東京ディズニーリゾートに57歳で入社し、65歳で退職するまで、私がすごした“夢の国”の「ありのまま」をお伝えしよう。楽しいこと、ハッピーなことばかりの仕事などない。それはほかのすべての仕事と同様、ディズニーキャストだってそうなのである。
※本稿は笠原一郎『ディズニーキャストざわざわ日記』(三五館シンシャ、2022年2月1日発行)の一部を抜粋・編集したものです
某月某日 迷子
非日常の世界観を守るため
私はこれまでの人生で迷子になったことがない。だから、迷子になったときの不安や恐怖を実感としては知らない。

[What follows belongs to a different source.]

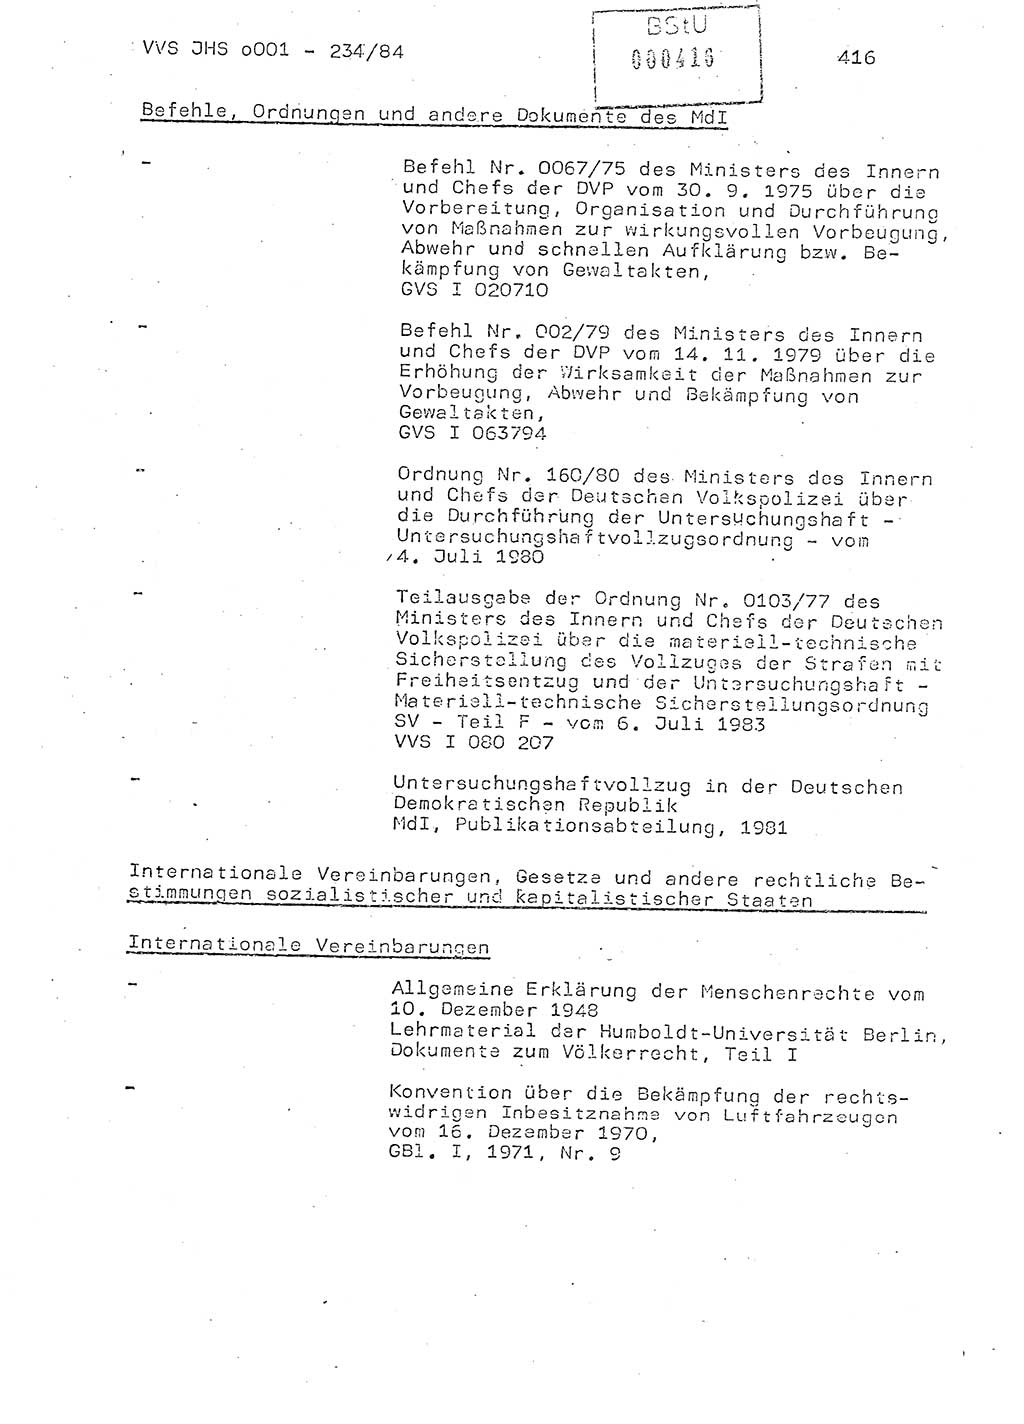 Dissertation Oberst Siegfried Rataizick (Abt. ⅩⅣ), Oberstleutnant Volkmar Heinz (Abt. ⅩⅣ), Oberstleutnant Werner Stein (HA Ⅸ), Hauptmann Heinz Conrad (JHS), Ministerium für Staatssicherheit (MfS) [Deutsche Demokratische Republik (DDR)], Juristische Hochschule (JHS), Vertrauliche Verschlußsache (VVS) o001-234/84, Potsdam 1984, Seite 416 (Diss. MfS DDR JHS VVS o001-234/84 1984, S. 416)

しかし、幼くしてまったく知らない世界の中に、ポツンとひとりきりになってしまった絶望は想像するにあまりある。
幼少のころに東京ディズニーランドで迷子になり、キャストのお姉さんに優しく対応してもらったことが忘れられなくてキャストになったと教えてくれた同僚もいたほどである。彼はそのときのキャストのお姉さんが勇敢なヒロインのように輝いて見えたのだという。それが印象的で、自分もそんなキャストになってみたいと思ったのだそうだ。

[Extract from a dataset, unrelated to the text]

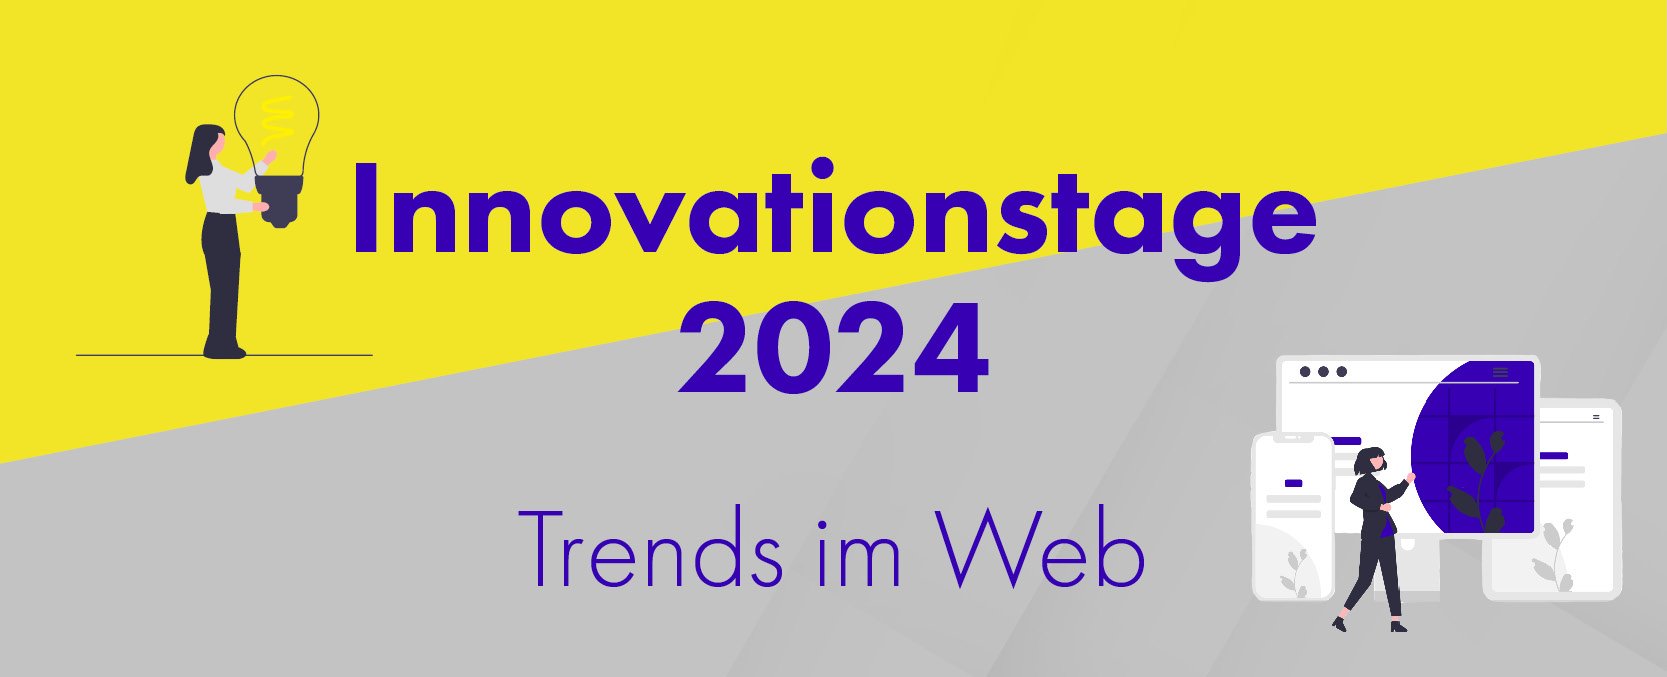 04_640x325px_Bild_HubSpot_Einladung Innovationstage 2024_Trends im Web_2

迷子はゲストが発見してキャストに伝えてくれることも多い。アトラクションキャストやゲストコントロールキャストは持ち場を離れることが難しいため、多くの場合、カストーディアルキャストが対応することになる。
さて、われわれカストーディアルキャストが迷子を発見した場合*には対応の方法が定められてある。
(1)近くに保護者がいないかどうか捜す(2)迷子センター*へ、迷子の氏名・年齢・住所・特徴などを連絡する(3)上司に許可をもらい、迷子センターへ案内する。
以上のような流れになる。
また、保護者からの問い合わせに対しては、(1)近くを一緒に捜す(2)迷子センターを紹介・案内するとなっている。